In her distress, Ninshubur looked to Inanna’s husband, Dimuzi. He shrugged and gazed at his beautifully manicured hands. “There’s no changing her mind ”, he said as he left them to dress.

Only the dead enter the Underworld, called the Great Below. The dead did not return. Ninshubur knew that Ereshegal had always been jealous of her beautiful sister. How could the ruler of the dead possibly compete for the people’s love, when compared to the ruler of the heavens and the bountiful earth?

Ninshubur had tended both sisters as babies, but loved Inanna more than the sun. Her heart was heavy; she could almost feel Ereshegal’s envy under her feet as she dressed Inanna’s hair.

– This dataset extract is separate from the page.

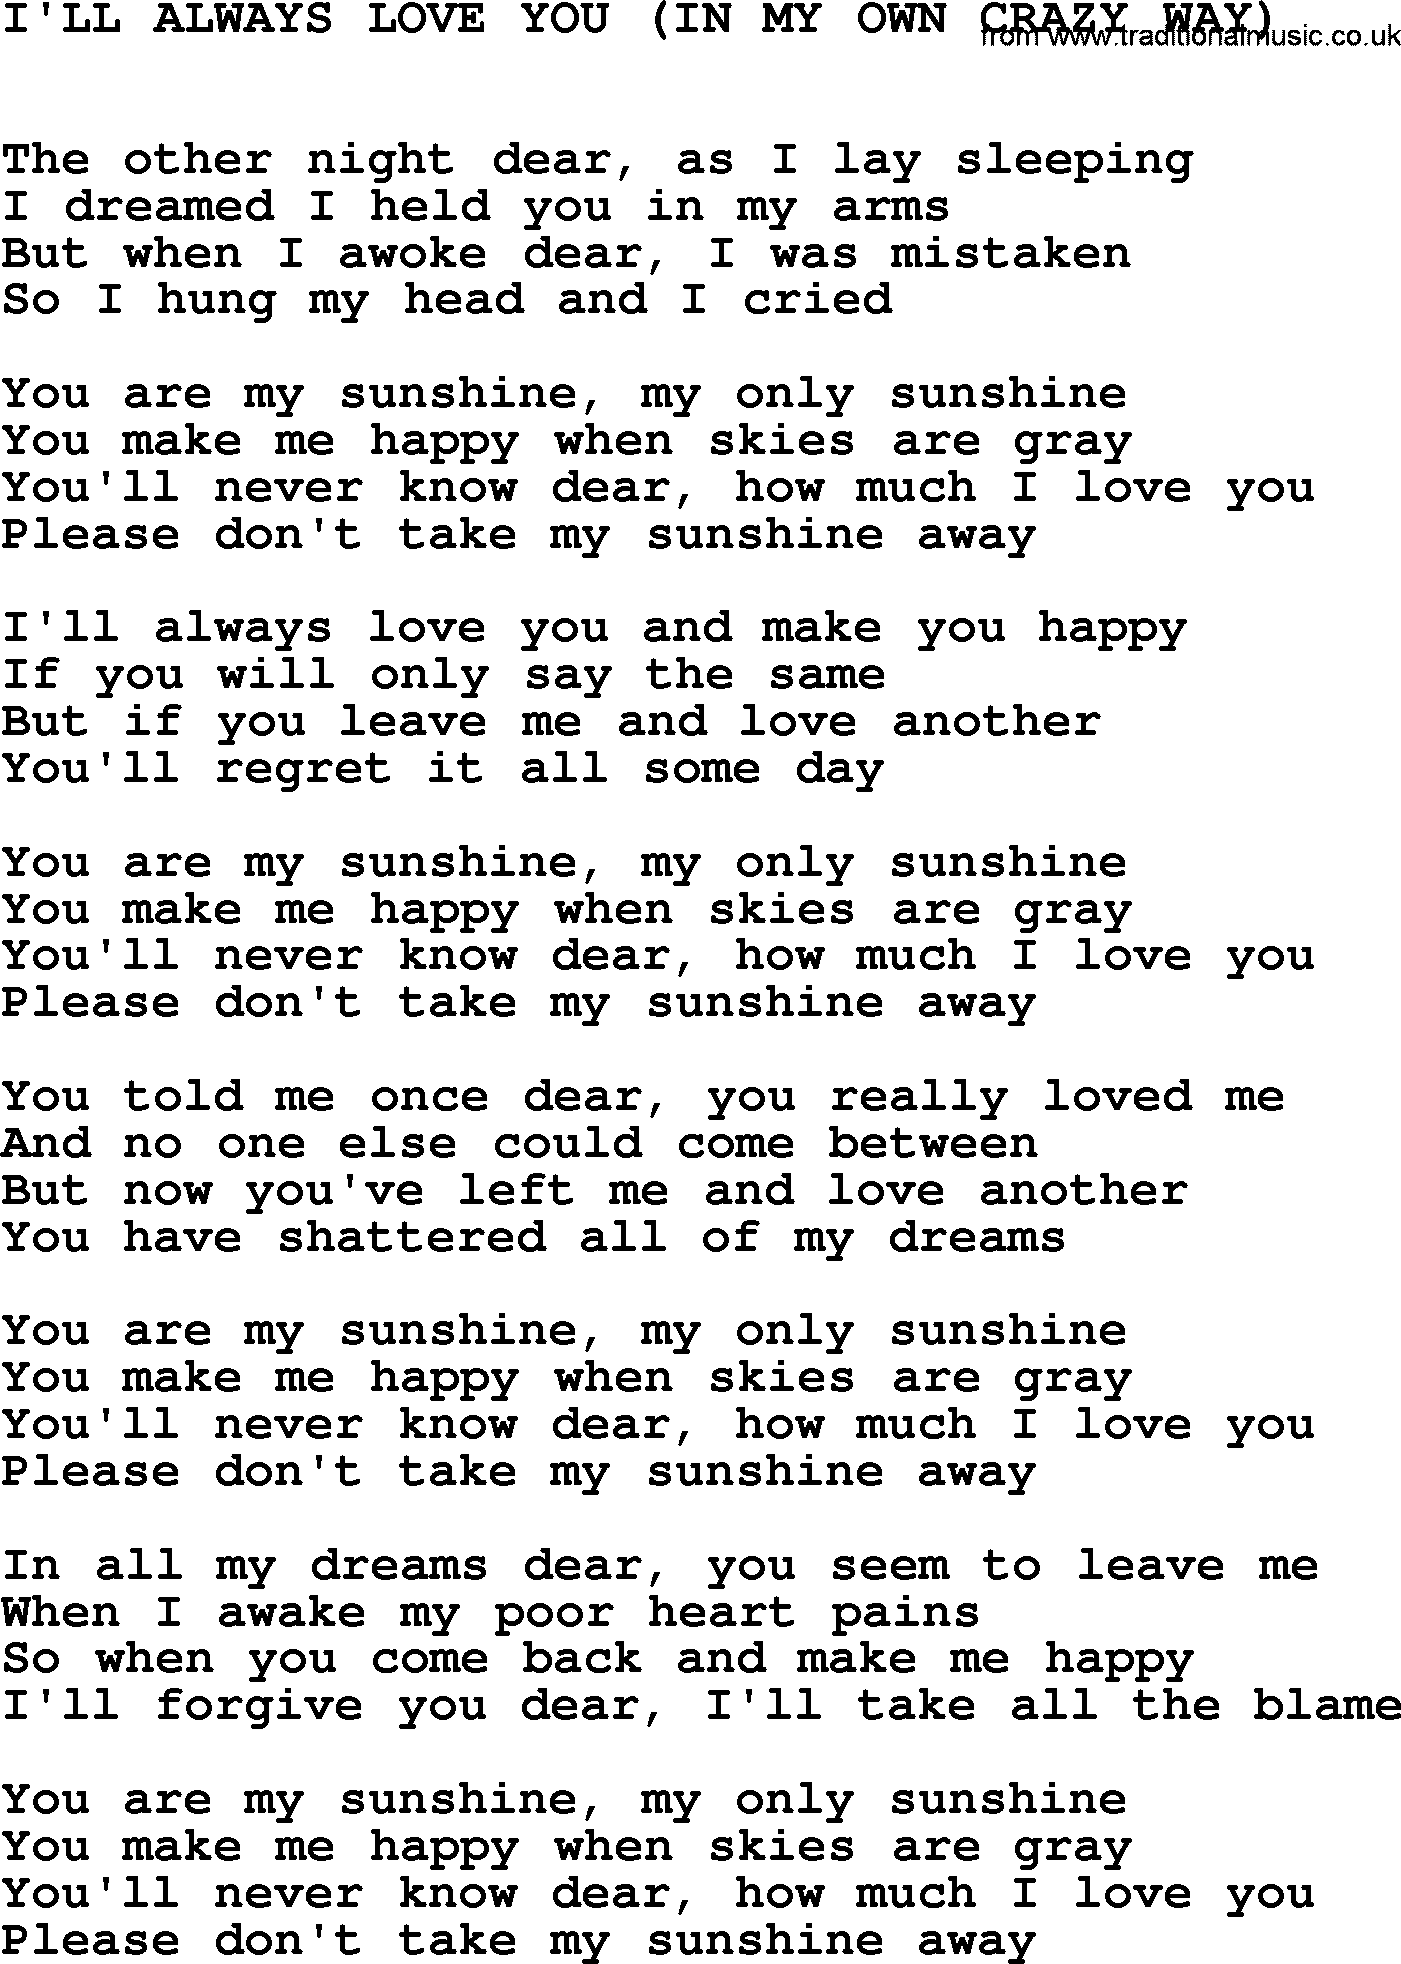 Johnny Cash Song I Ll Always Love You In My Own Crazy Way Lyrics Don't miss out on what your friends are enjoying. traditional music library
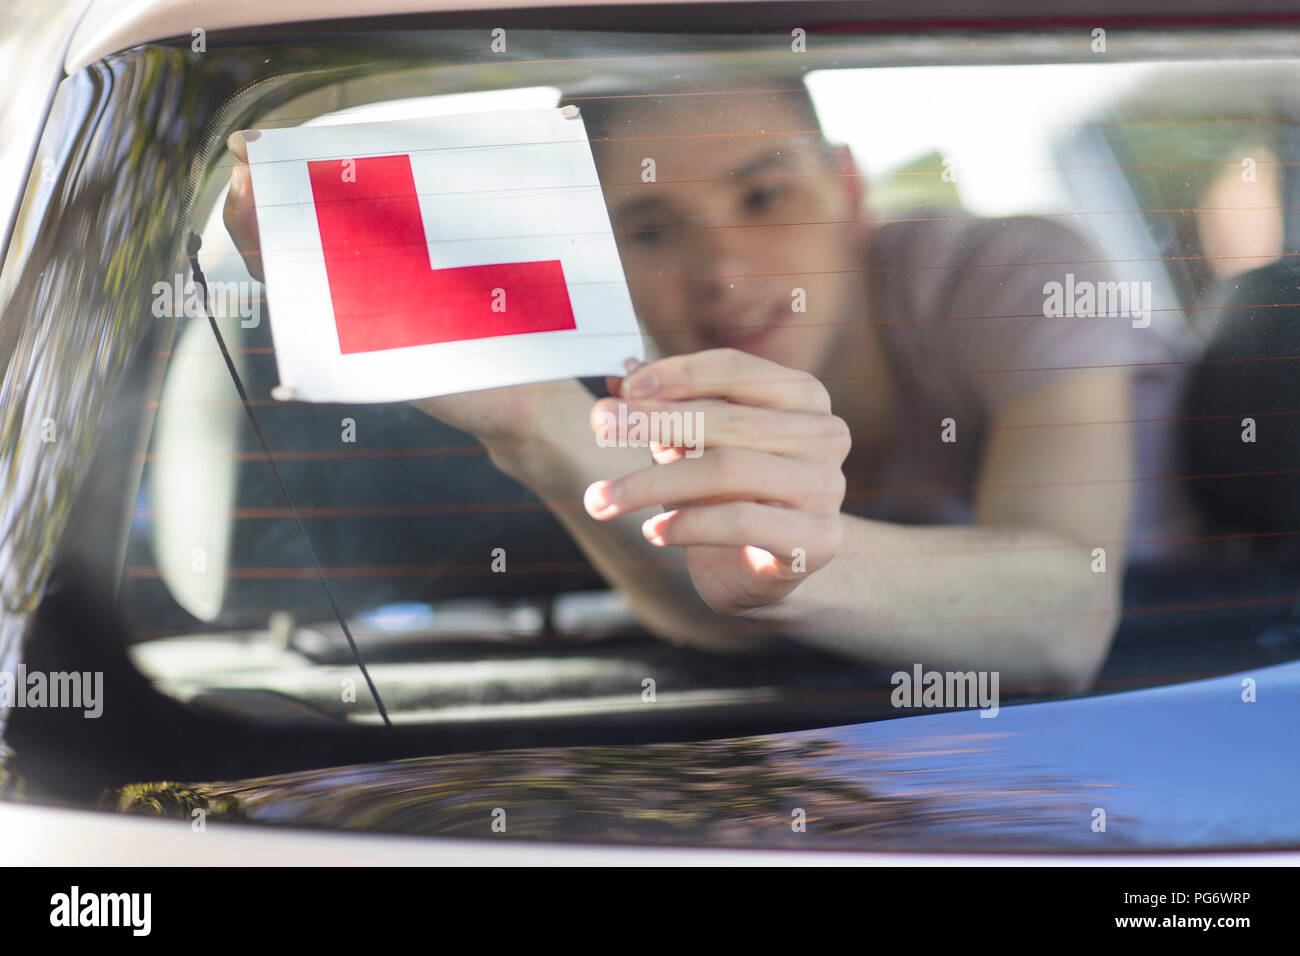 Learner driver placing letter L on rear window of car Stock Photo

After weaving seed pearls and gold thread into her lady’s dark braids, Ninshubar placed the shugurra (crown of the steppe) on her head. Inanna pointed to her heavy lapis necklace, which the old woman carefully clasped at her throat. Then Ninshubur anointed her with fragrant oils of frankincense, jasmine and myrrh. She draped her queen in robes of purple which she fastened with an intricately wrought gold breastplate.

Finally, she helped Inanna into her royal top robe and handed her a cluster of rings. As Inanna slipped each ring on her fingers, she smiled gently at Ninshubur. “If I do not return in three days time, go first to the temple of Enlil. Tell him my fate and ask for his aid. If he will not help us, then go to Nanna, god of the moon. Once you appeal to him, if he too will not help then you must trouble Enki. He is wise and will know what to do.”

Sumerian Inanna

And so Inanna turned and with the turning of her heavy robes, she spun into her descent to the Great Below. She quickly moved through the sky and into the fecund earth. She moved past the hard granite and into the hot lava. She came at last to the first gate of the Underworld.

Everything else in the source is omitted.